# Eric satie obscur repertoire and la gnossienne



## deprofundis (Apr 25, 2014)

Did satie ever written something that good has la gnossienne and please dont says gymnopedie because it's good but it's not has good has a la gnossiennes.

Did any classical composer did variation on Satie gnossienne, because even if i have it in naxos i find this has somesort of gem among my collection.

So did Satie pull something that etherical has this piece, or should i venture in other classical composer masterpiece similar to Satie?

This composition by Satie is an œuvre majeure, if you dont like this you hate music(lets toss a joke in here).

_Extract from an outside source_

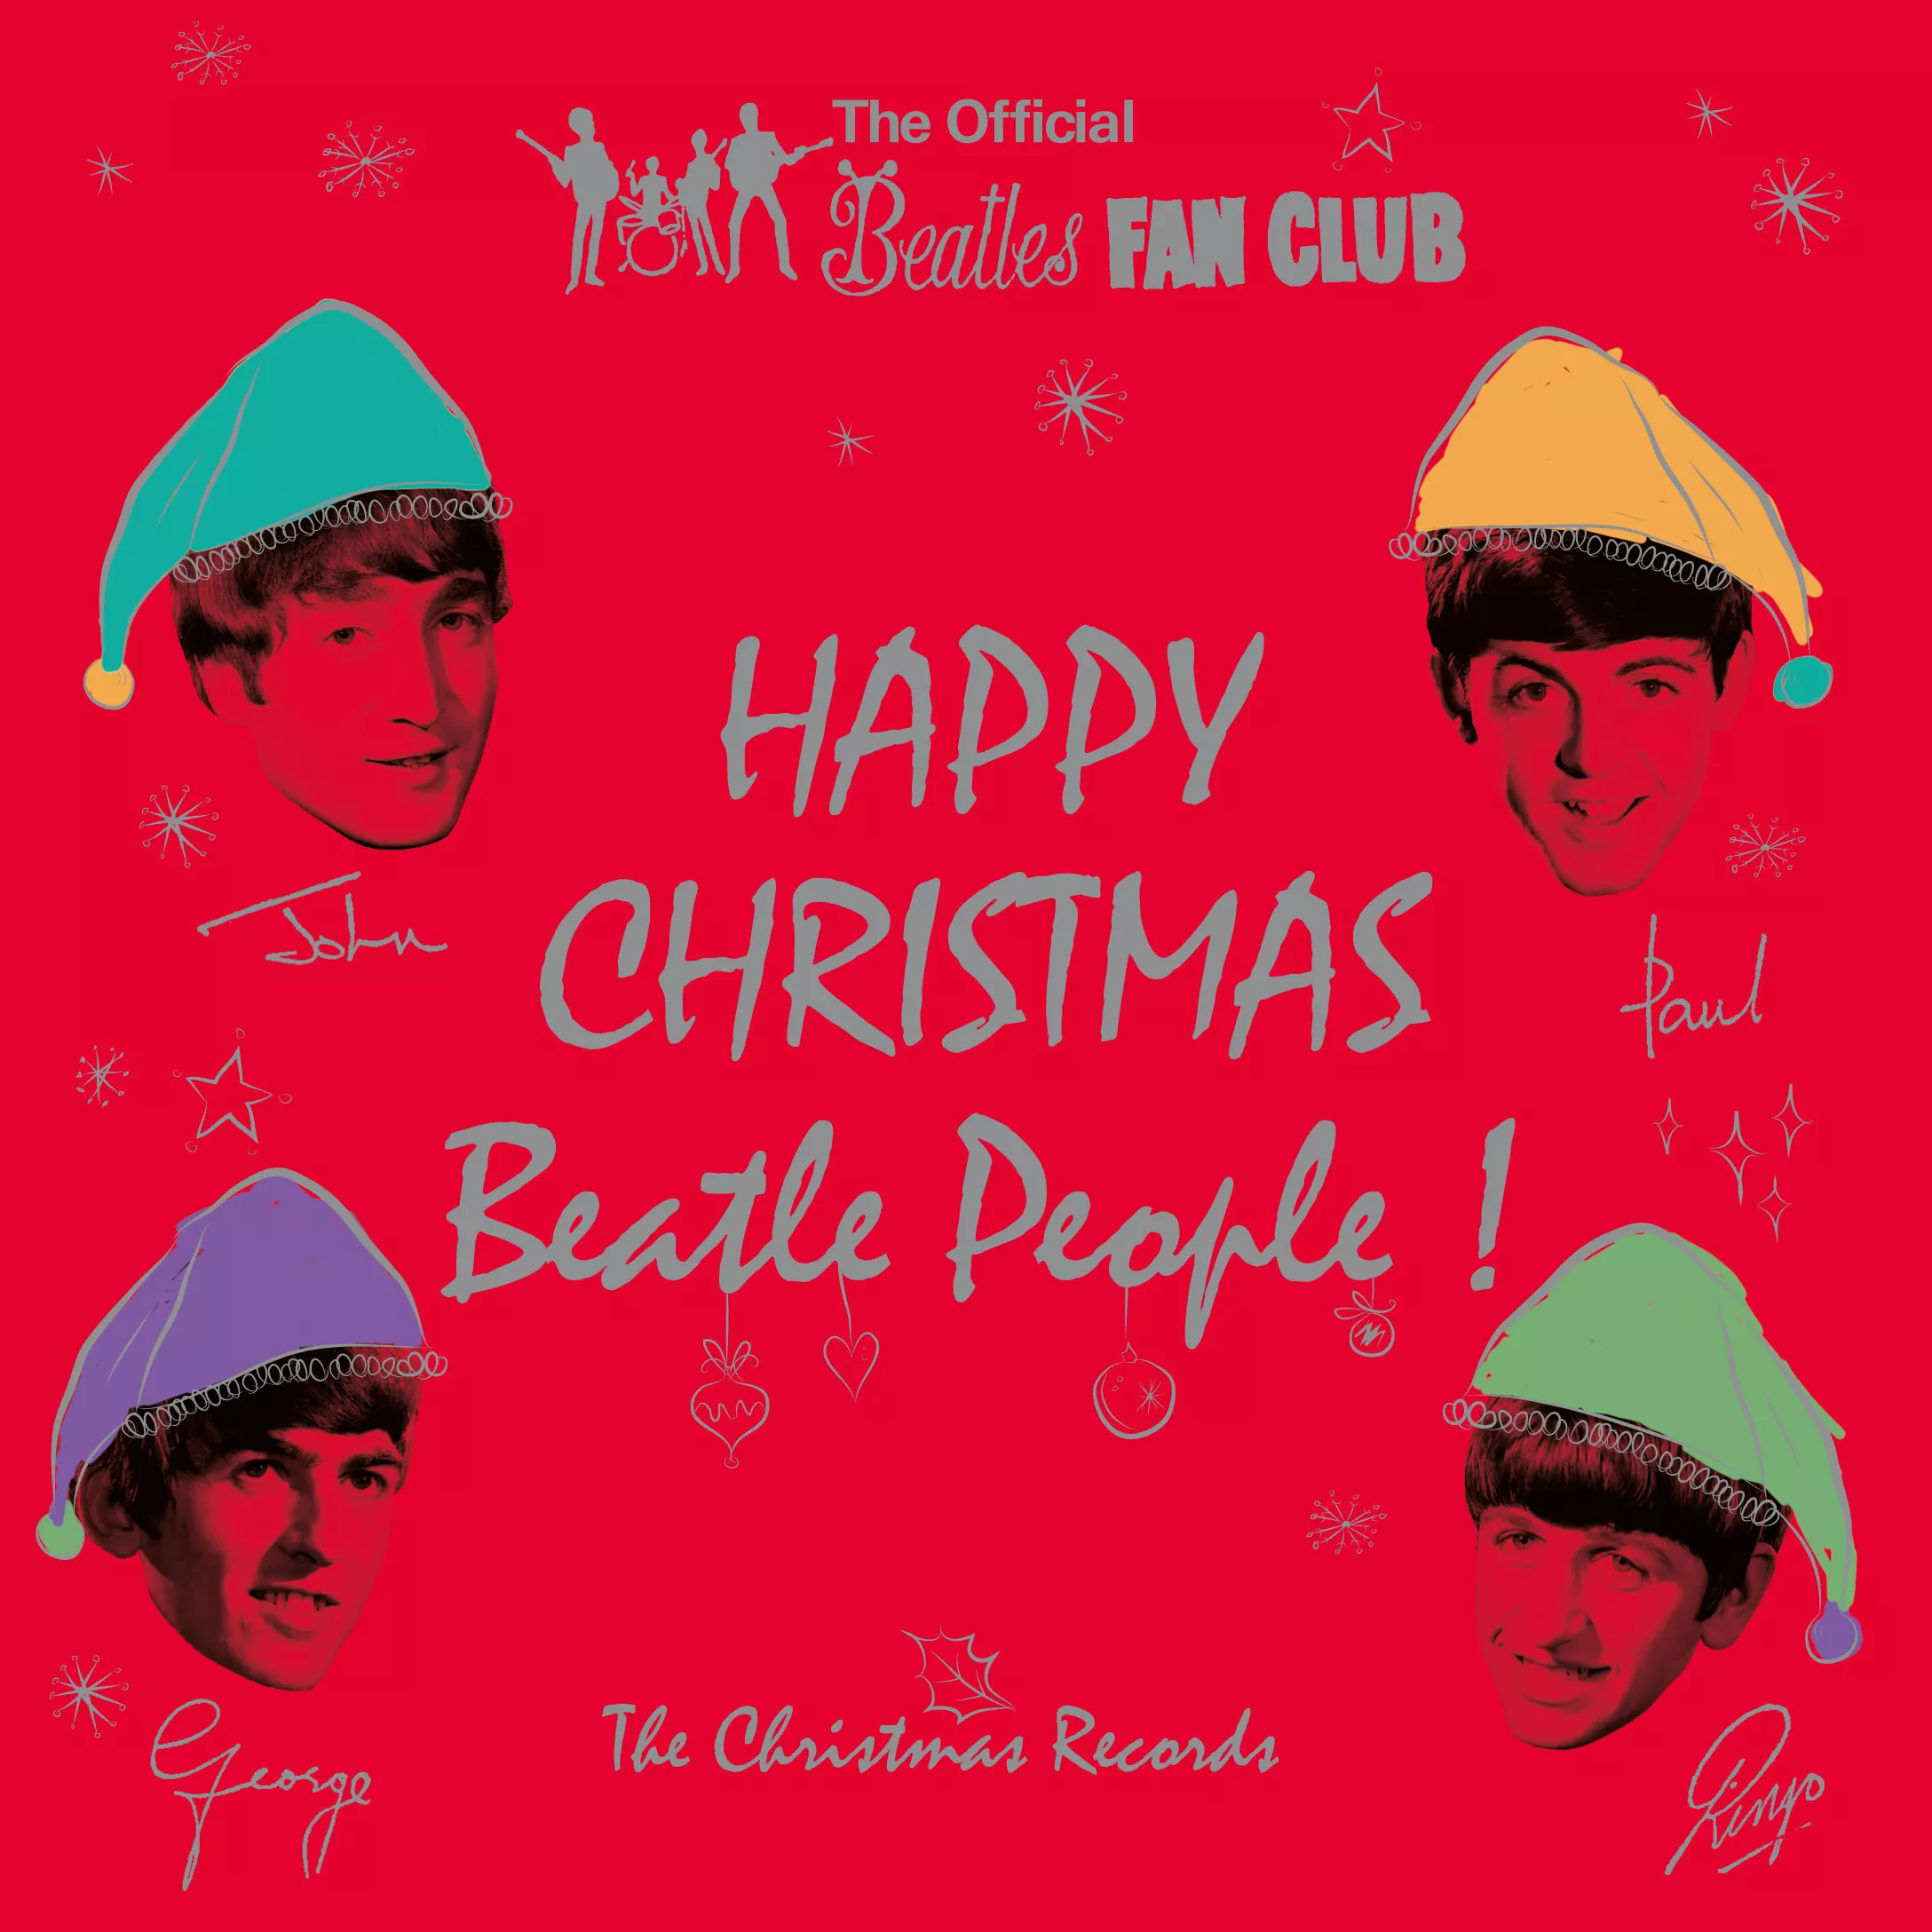 The Christmas Records - The Beatles

Have a nice days and by the way what are the best recording of this master art?

:tiphat:

Satie on of my favorite classical composer he was an original so were is music..


----------



## Selby (Nov 17, 2012)

Have you listened to Vexations?


----------



## deprofundis (Apr 25, 2014)

Nope Selby i haven't thanks for mentionning this work i will go check it out soon as i can.


----------



## Selby (Nov 17, 2012)

On a more serious note:

I really like this 3 disc collection from Reinbert de Leeuw, the third disc is devoted to melodie with Marjanne Kweksilber:









Do not mistake it for his other 2 disc collection with the glacier-paced, 6+ min 1st gymnopedie, the above collection clocks the piece in at more around the 4 min mark.


----------



## Albert7 (Nov 16, 2014)

deprofundis said:


> Nope Selby i haven't thanks for mentionning this work i will go check it out soon as i can.







Here you go.


----------



## SimonNZ (Jul 12, 2012)

deprofundis said:


> _Last edited by deprofundis; Jun-23-2015 at 18:55. *Reason*: i forgot my hat_


Best.reason.ever.


----------